FIG 7.

EV-D68 infection inhibits the formation of SGs responding to Ars. (A, B, and C) RD cells were infected with EV-D68 (MOI of 1), treated with 0.5 μm Ars for 1 h after infection for 0, 4, 8, 12, and 24 h, fixed, and stained with a rabbit anti-TIA1 monoclonal antibody (A), rabbit anti-G3BP1 monoclonal antibody (B), or rabbit anti-HUR monoclonal antibody (C) for immunofluorescence. (D to F) Quantitative analysis of the number of SGs in each cell. (G) RD cells were infected with EV-D68 (MOI of 1).

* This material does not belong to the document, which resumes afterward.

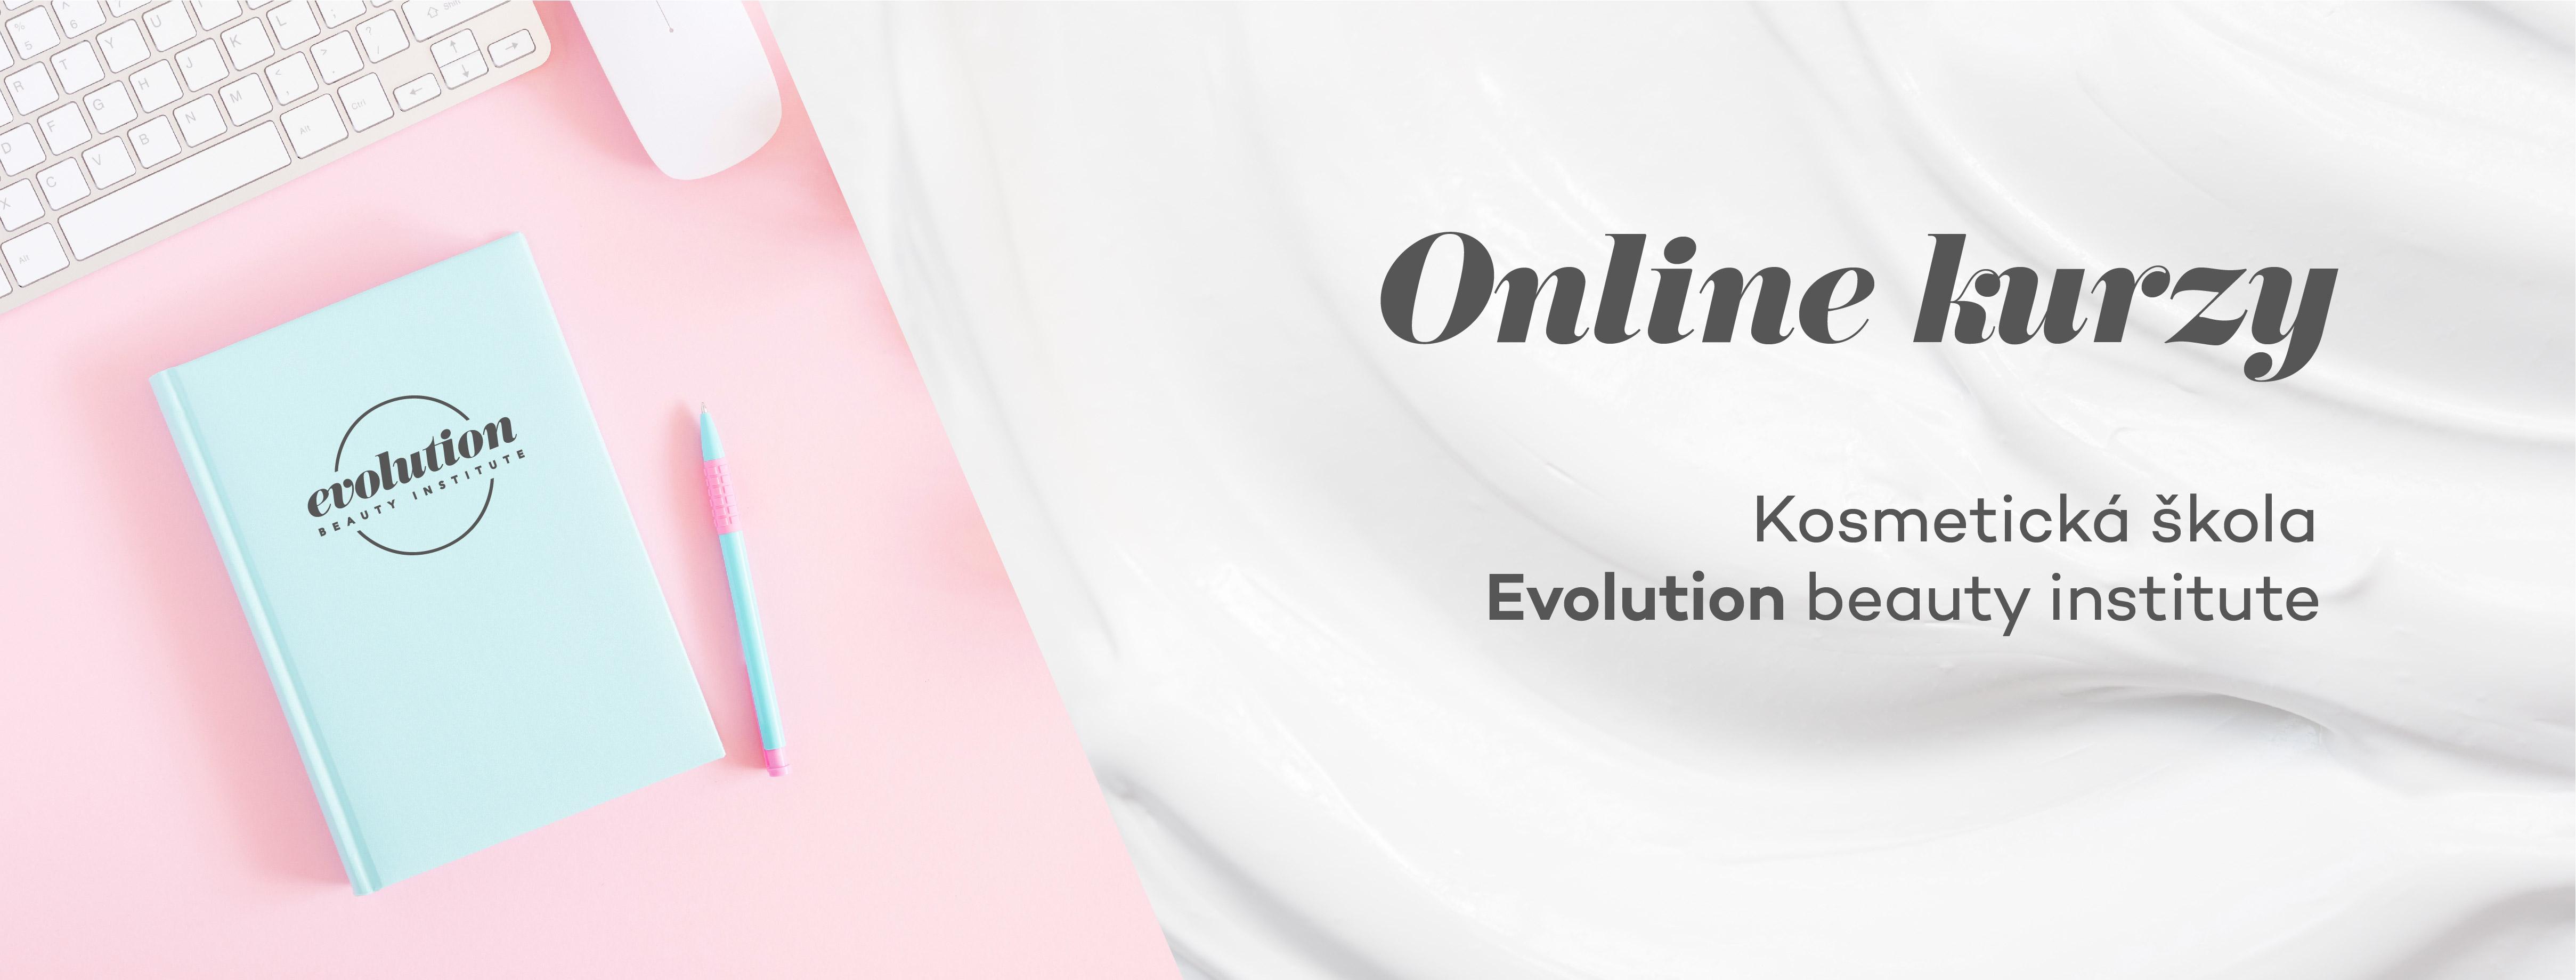 Online kurzy

Cells were harvested at 0, 4, 8, 12, and 24 h after infection and treated with Ars for 1 h as a positive control. The influence of EV-D68 on G3BP1, TIA1, and HUR was detected by Western blotting. (H) RD cells were infected with EV-D68 and EV-71. Cells were harvested at 0, 4, 8, 12, and 24 h after infection. Western blotting was used to assess the expression of G3BP1. (I) RD cells were cotransfected with G3BP1 and 3C or G3BP1 Q326E, and 3C. The expression of G3BP1 and G3BP1 Q326E in the cell lysates was detected 48 h after transfection.